Which did the trick — at least after copy and pasting the output from the terminal. I didn’t bother figuring out how to get it written to a file. So, now, I have two giant files with every peripheral register, one from a firmware that was working, and one from a firmware that was exhibiting the extra noise. I went through them line by line and found…. nothing.

Some registers were different of course, but the only ones were timer values, and data registers on the ADC and SPI peripherals, and the system control block depending upon if the code happened to be in an interrupt when I stopped to sample it. No configuration values or anything that would point to a problem. Sigh.

More backing up

OK. So maybe there is a peripheral register that isn’t in the SVD that would correlate with the problem? My next step was to use gdb to dump the entire peripheral address space to an srec file in both cases.

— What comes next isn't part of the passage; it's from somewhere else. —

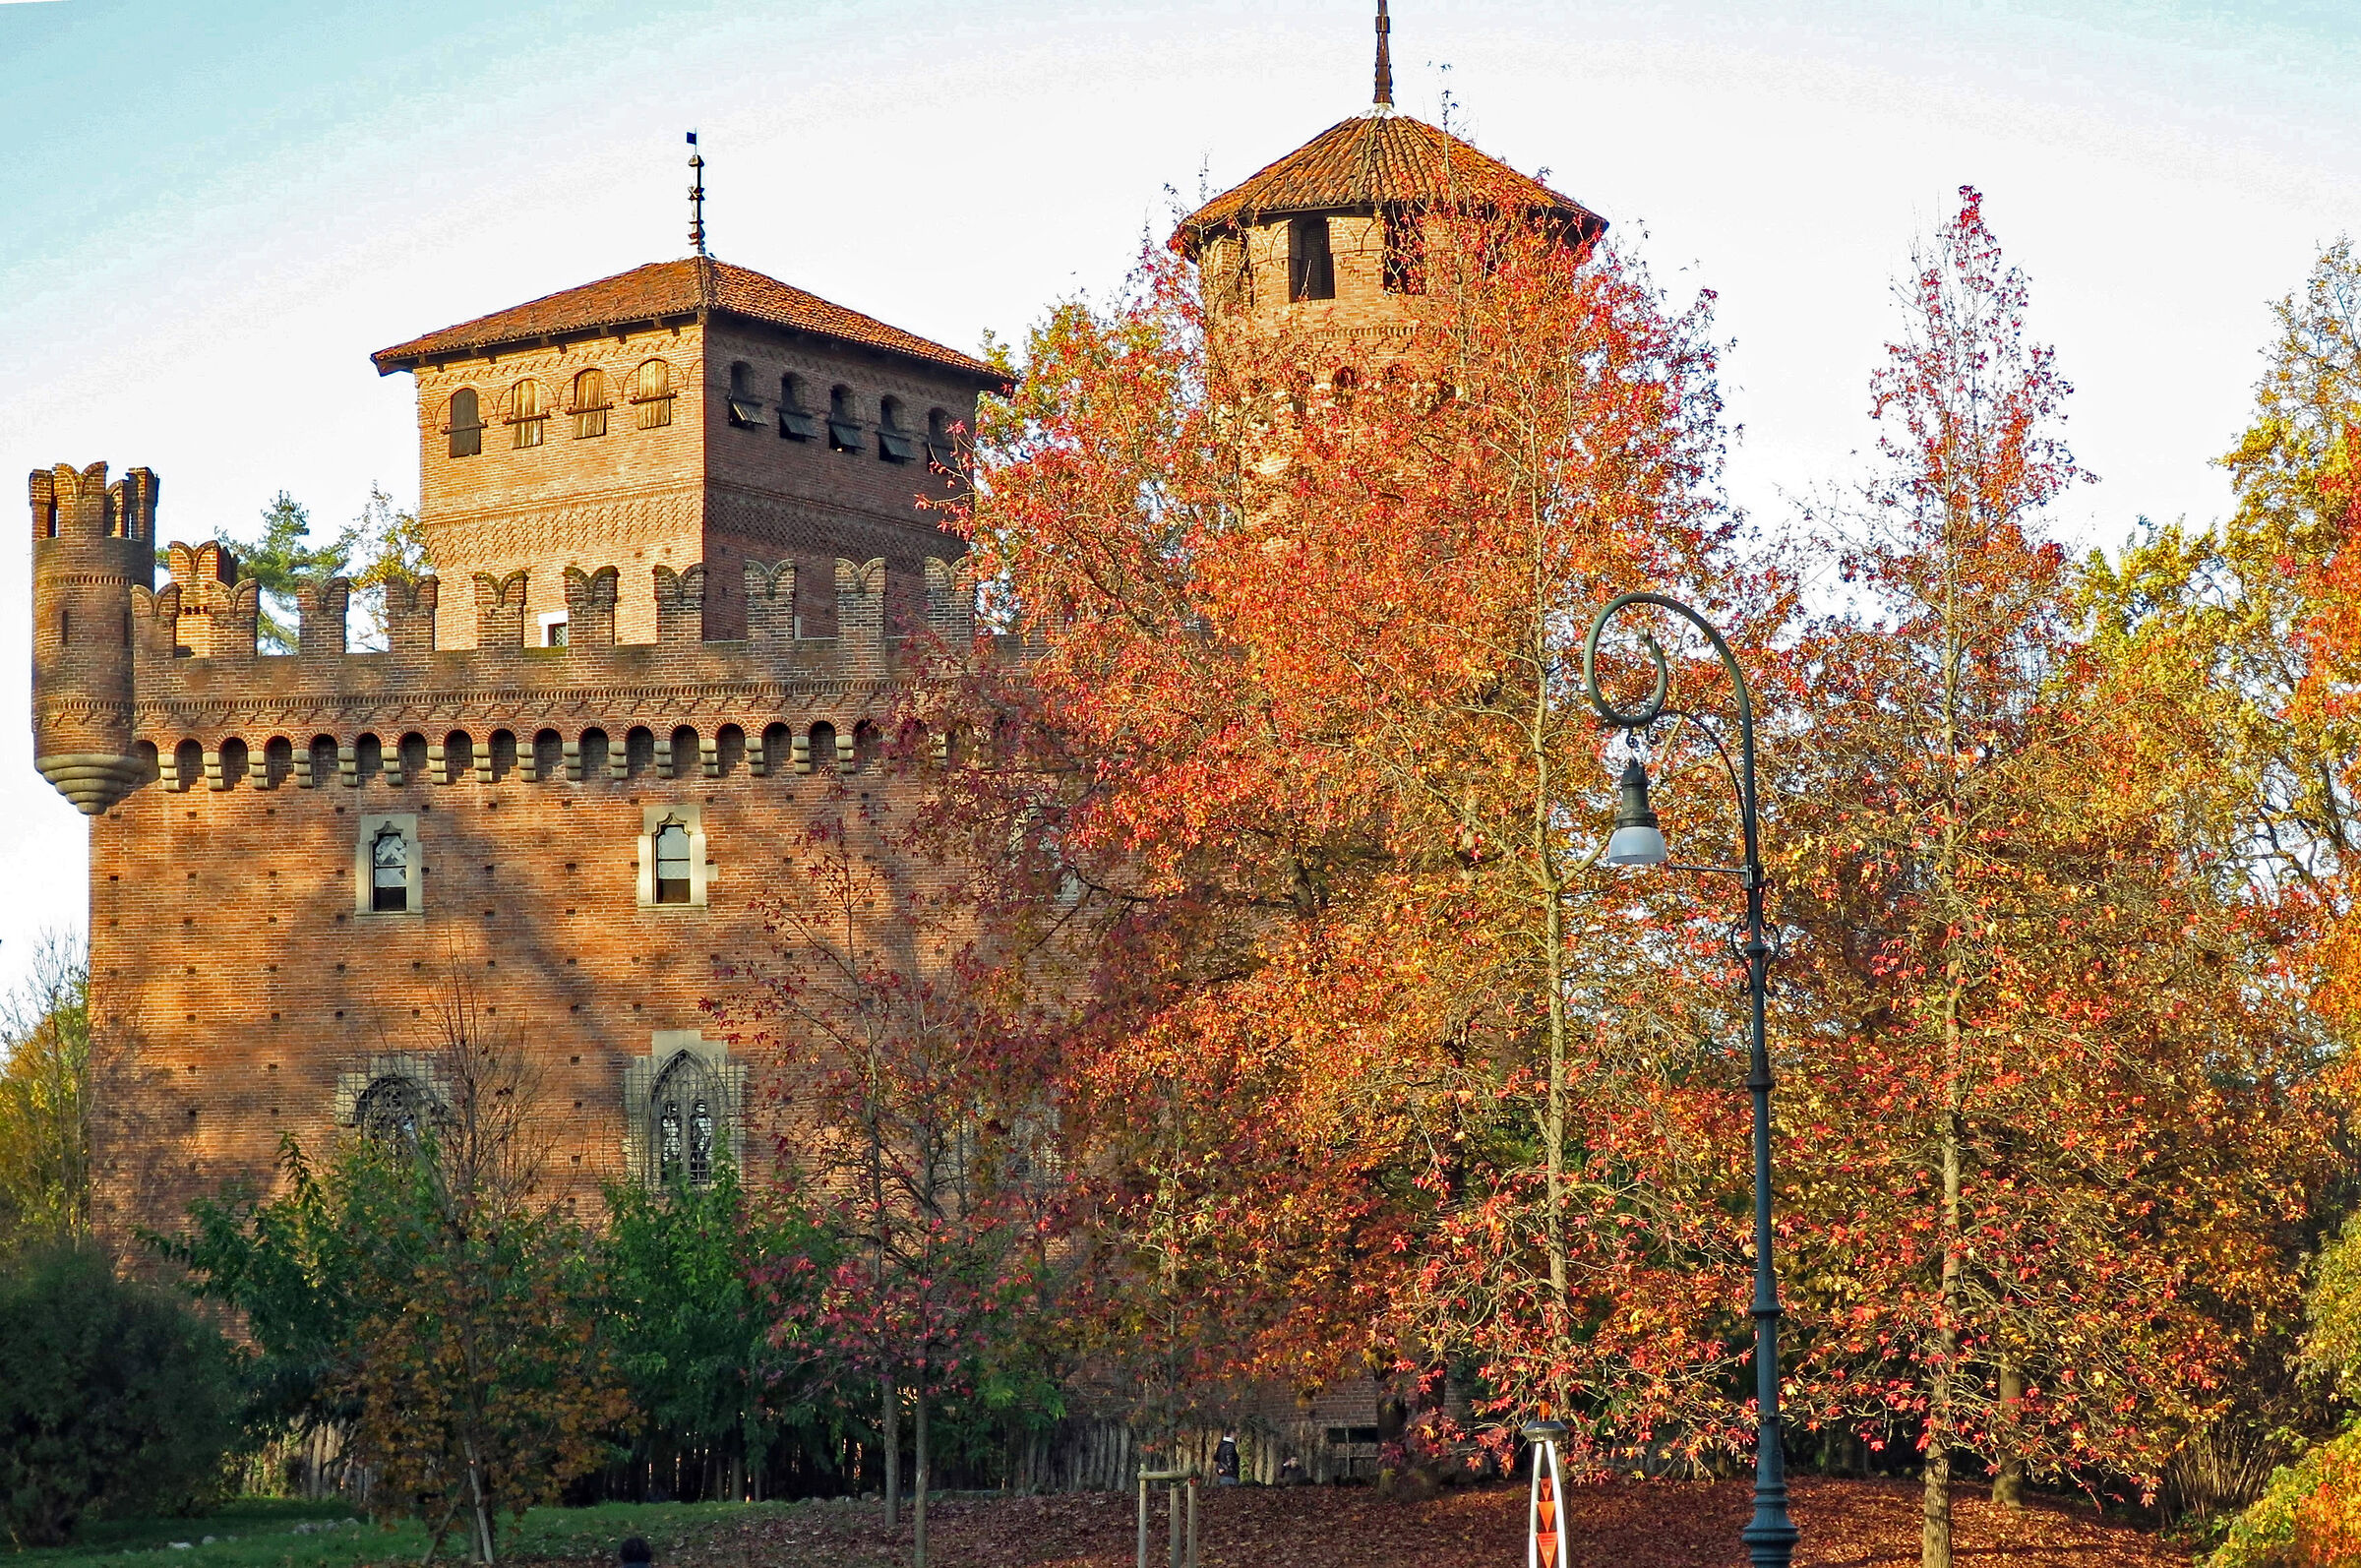 Turin: Medieval village in autumn...

dump srec memory /tmp/out.srec 0x40000000 0x51000000

Note, this does take a *long* time, at least 15 minutes with the hardware I was using.

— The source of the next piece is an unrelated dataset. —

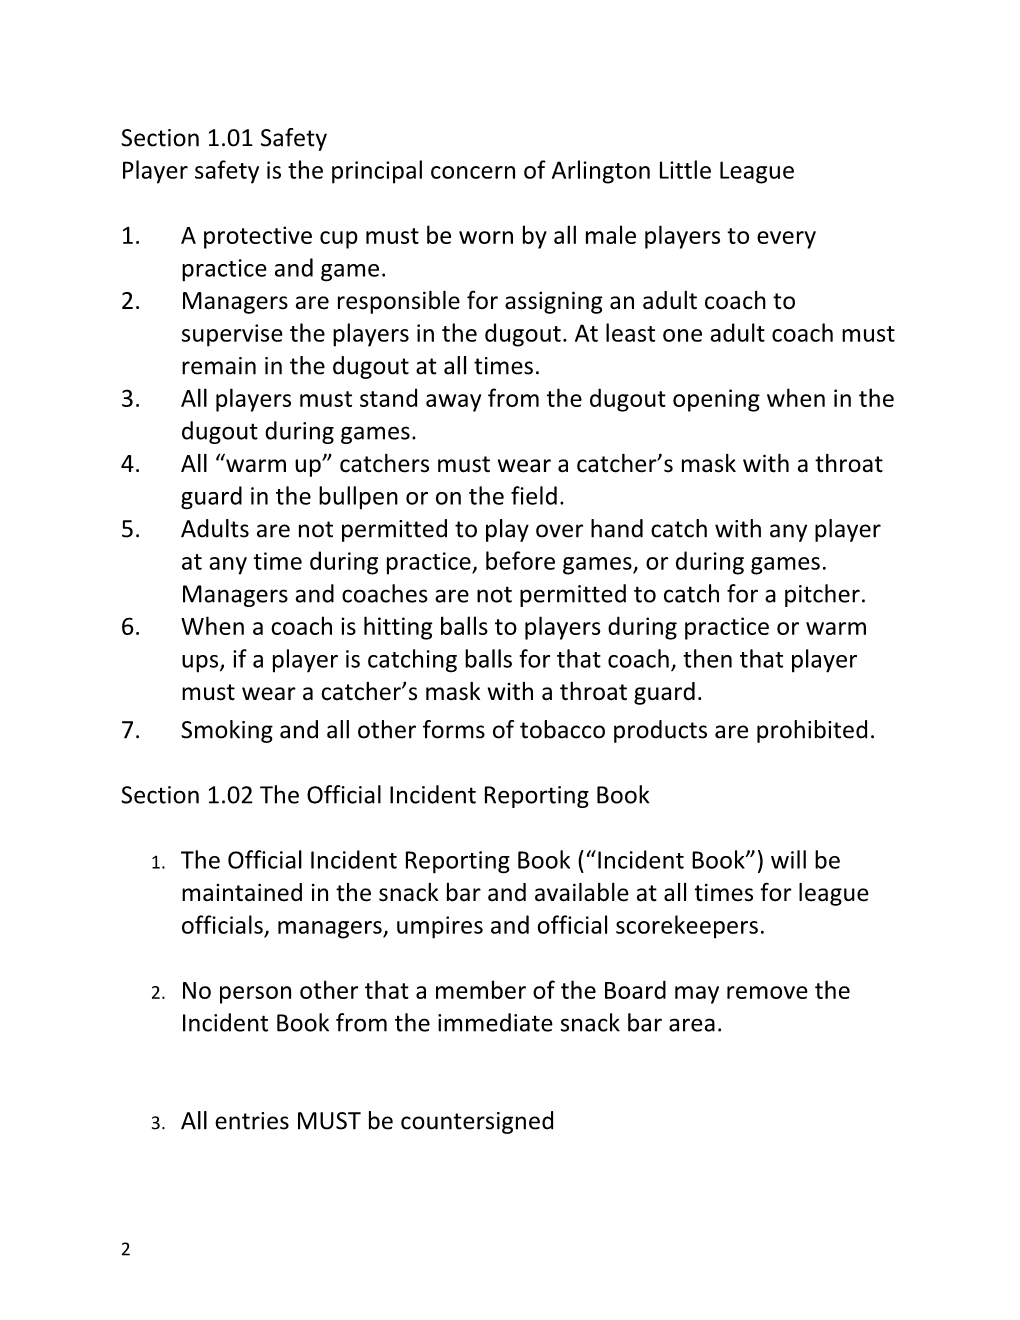 Arlington Little League Bylaws & Ground Rules 2017

What did I earn for my hard earned wait? Bupkis, nothing, nada, squat. After looking through every single byte that was different, the only ones that had changed were the same ones that the svd method above turned up, plus a bit of random noise in the “reserved” section between peripherals that looked like genuine bus noise. Notably, not any configuration registers on any peripheral at all.

Even more backing up

OK. So if the problem isn’t in a peripheral register, maybe there is some difference in program state that is causing the problem? Maybe a stack overflow or something? So, I switched to SRAM dumps. First, I modified my startup assembly to start out with guard bytes across all of SRAM so that I could verify the stack hadn’t overflowed (not even close). I also used that to verify that the code which was copied into CCM SRAM on startup hadn’t overflowed or been stomped on (it hadn’t). Next I did a diff between the working and non-working states.

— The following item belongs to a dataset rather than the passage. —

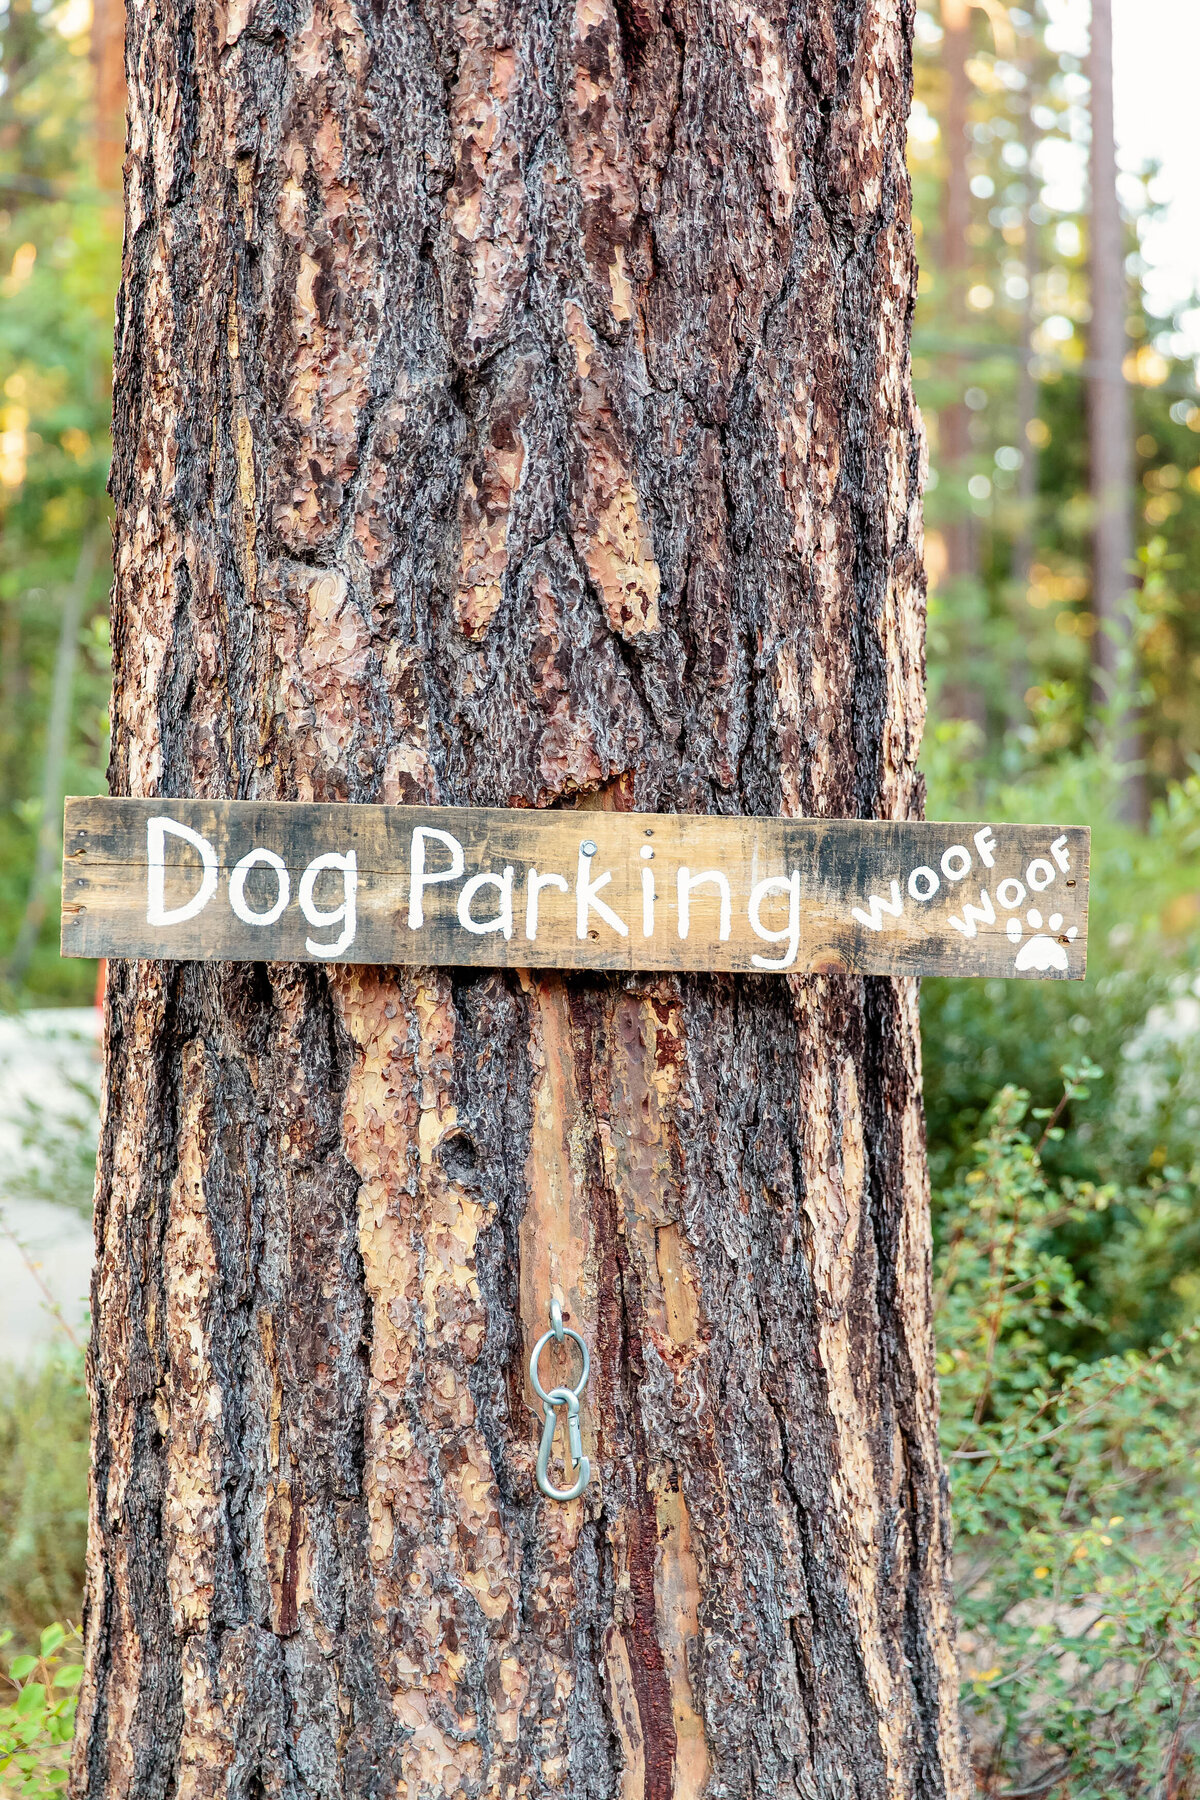 sugar-pine-cakery-dog parking-sign-lake-tahoe

Here, there were a lot more differences as the firmware has a lot of state that varies from run to run. With the structure of the moteus firmware, most storage ends up being allocated on the C/C++ stack from a fixed size pool. This means that most of the variables don’t have a useful entry in the symbol table, even though their address is consistent from run to run. To identify what each change was, I started the firmware afresh with a breakpoint on _start, then added a hardware watchpoint on the address of interest.

b _start
run
watch *0x20004560 # (for example)
continue (as many times as necessary)

And then looked to see what modified that particular memory location to determine what it was doing. I methodically went through every difference, about 50 of them. I found things like the buffer used to hold CAN-FD frames, timers, nonce counters, the values read by the position sensor and current sensor, and many other things that all seemed perfectly reasonable.

Yet another approach doomed to give no useful information.

Back to an earlier approach

Whatever the problem was, it appeared to be in state on the STM32 that was not accessible to mere mortals. Probably a peripheral got into a bad state that wasn’t exposed via its registers or something. If I couldn’t find the state that was different, could I at least make a “minimal code difference” which was actually minimal?

My C++ minimal difference was pretty small, just the addition of an “=0” to a field initializer. However, that resulted in significant changes in the output program. To make things a little bit more controllable, I tried adding some __asm__("nop") entries to the constructor in question and sure enough, some counts of NOPs would trigger the problem and others wouldn’t. However, they still resulted in large differences in the output.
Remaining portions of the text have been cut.